Abernathy’s experience left him questioning whether he wanted to make a career of electoral politics, a thought that crystallized in an earlier moment on election night.

“I’m standing on Passyunk Avenue,” he recalled, “and one of Fumo’s longtime friends came up and looked at me and said, ‘Y’know, we always knew you were smart, we always knew you worked hard, but we never knew you were that ruthless.’ And it was that moment I was out.”

» READ MORE: How ‘outsider’ Nikil Saval toppled a longtime state senator in Philly

So Abernathy committed himself to advancing behind the scenes. During Nutter’s administration, he served as chief of staff in the Managing Director’s Office, and as executive director of the Redevelopment Authority. Kenney installed Abernathy as first deputy managing director, a position he held until taking the top job 18 months ago after Mike DiBerardinis retired.

Abernathy had hoped to focus on the opioid epidemic, homelessness, and gun violence. But even before the pandemic, his tenure was marked by a series of catastrophes: the refinery explosion in South Philadelphia, the sudden closure of Hahnemann University Hospital, a deadly gas explosion near Passyunk Square, the shooting of five police officers in Tioga, and the resignation of Police Commissioner Richard Ross.

“It’s certainly not the tenure as managing director I was hoping for, but it’s the one I was given,” he said. “None of these things are easy, but I think I’ve had my arms wrapped around both the city operations and how we respond as well as anybody could, if not better. But I am ready for a break.”

‘This is our moment’

During Abernathy’s front-and-center role in the city’s daily coronavirus briefings, rumors swirled that he was eyeing a run for mayor in 2023. A few weeks later, following criticism of the city’s response to the protests, there was talk Kenney was on the verge of firing him.

Administration officials and Abernathy strongly denied both possibilities, but the rumors are emblematic of his centrality in this moment in the city’s history.

Abernathy said his relationship with Kenney hasn’t changed, despite rumors of discord.

“Oh, it’s fine. I would say, how’s anyone’s relationship with the mayor?” Abernathy said of his famously grumpy boss. “I’ve known Jim a long time. I know his moods. I know his personality pretty well. This has been really hard for all of us, and we’ve all had pretty s—ty days at times.”

» READ MORE: Philly Mayor Jim Kenney launched a statewide political group, fueling rumors of a run for governor

Abernathy has been criticized for withholding information related to the pandemic that other cities have made public, and for being caught off guard on the first day of the protests, when Outlaw acknowledged there were not enough officers in Center City.

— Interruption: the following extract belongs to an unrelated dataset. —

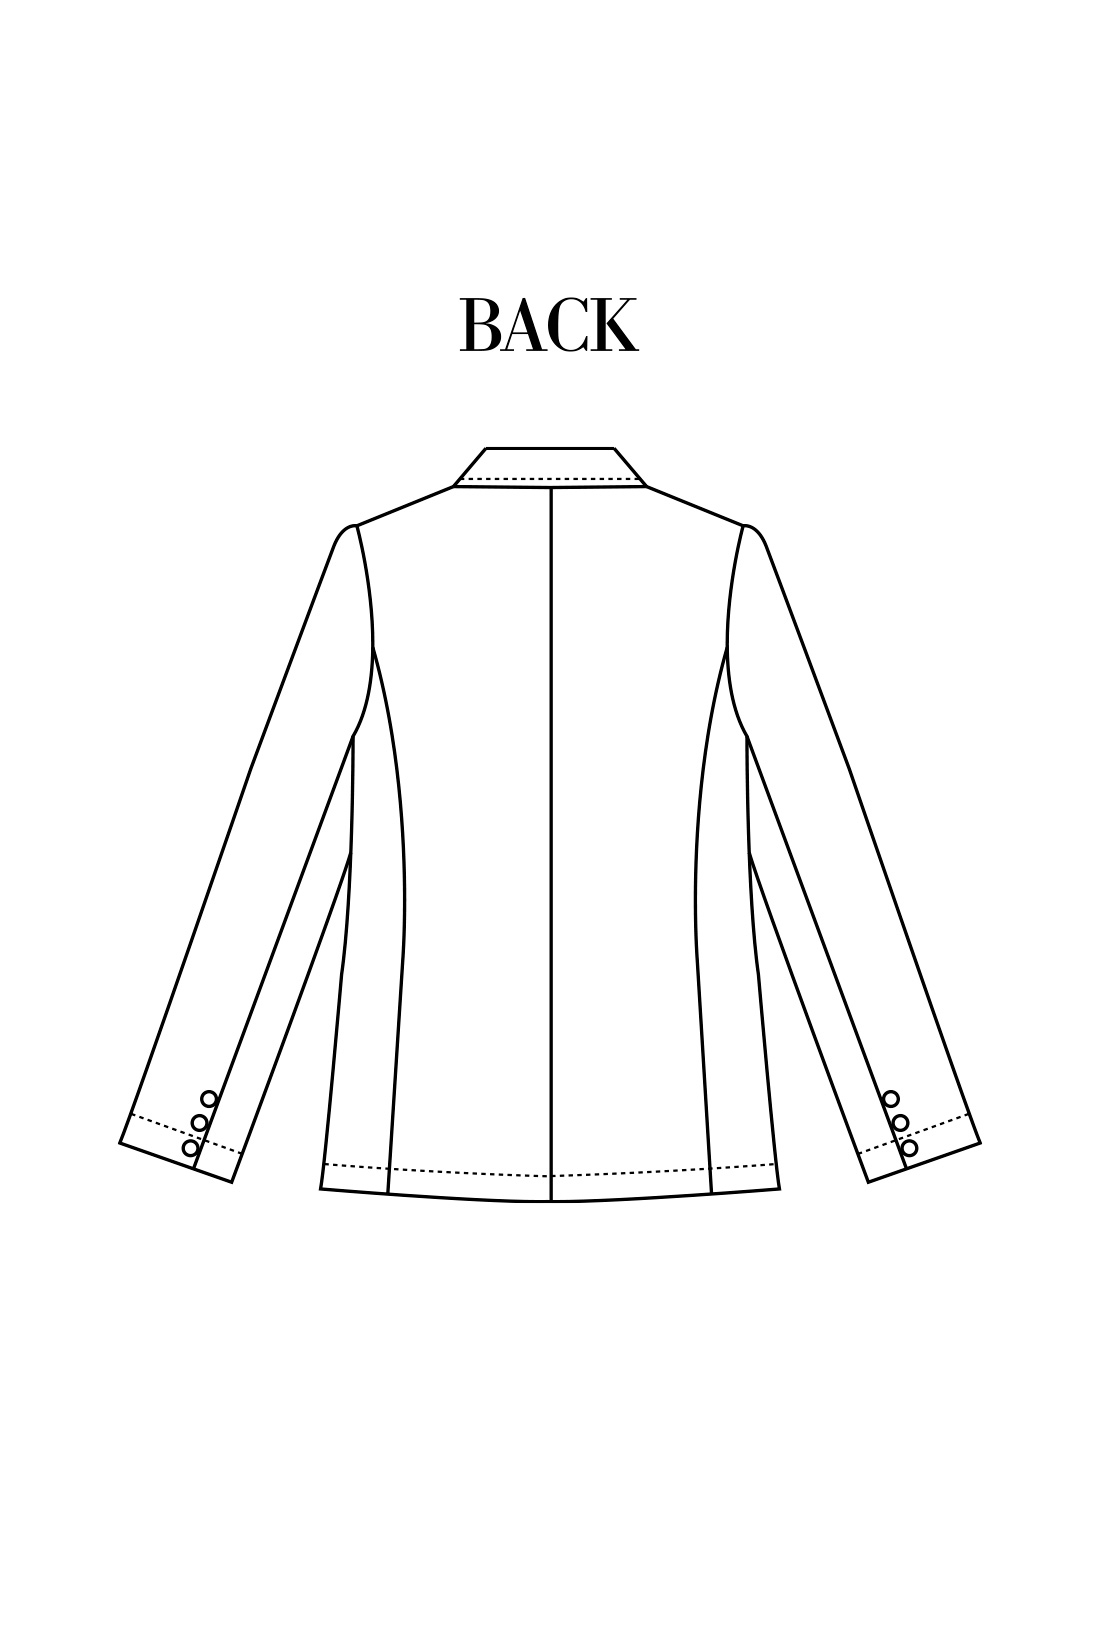 からだのラインにほどよく沿い、背中が浮かず着られる立体パターン設計。

“I was dumbfounded by how out of touch I truly was,” he later told city councilmembers. “And how I had underestimated the anger and rage and frustration of folks I’m hired to serve.”

While the protests have pushed the administration to prioritize some long-sought reforms, Abernathy, as one of the administration’s more moderate voices, is unlikely to come around on the protesters’ most sweeping demands, like significantly shrinking the police force.

When the administration was considering how to follow through on Kenney’s campaign promise to end stop-and-frisk policing, Abernathy sided with the Police Department, which promised to crack down on improper applications of the tactic, but said attempting to eliminate it wasn’t wise. Kenney abandoned his promise.

The protests, Abernathy said, have provided urgency to tackle racial justice more aggressively. The administration had already prioritized racial inequities in government services, but Abernathy said the protests made him realize that “didn’t go very deep, and it didn’t go very far.”

“We have a society and a system that doesn’t work for all people, and this is our moment,” Abernathy said. “We better not f— it up.”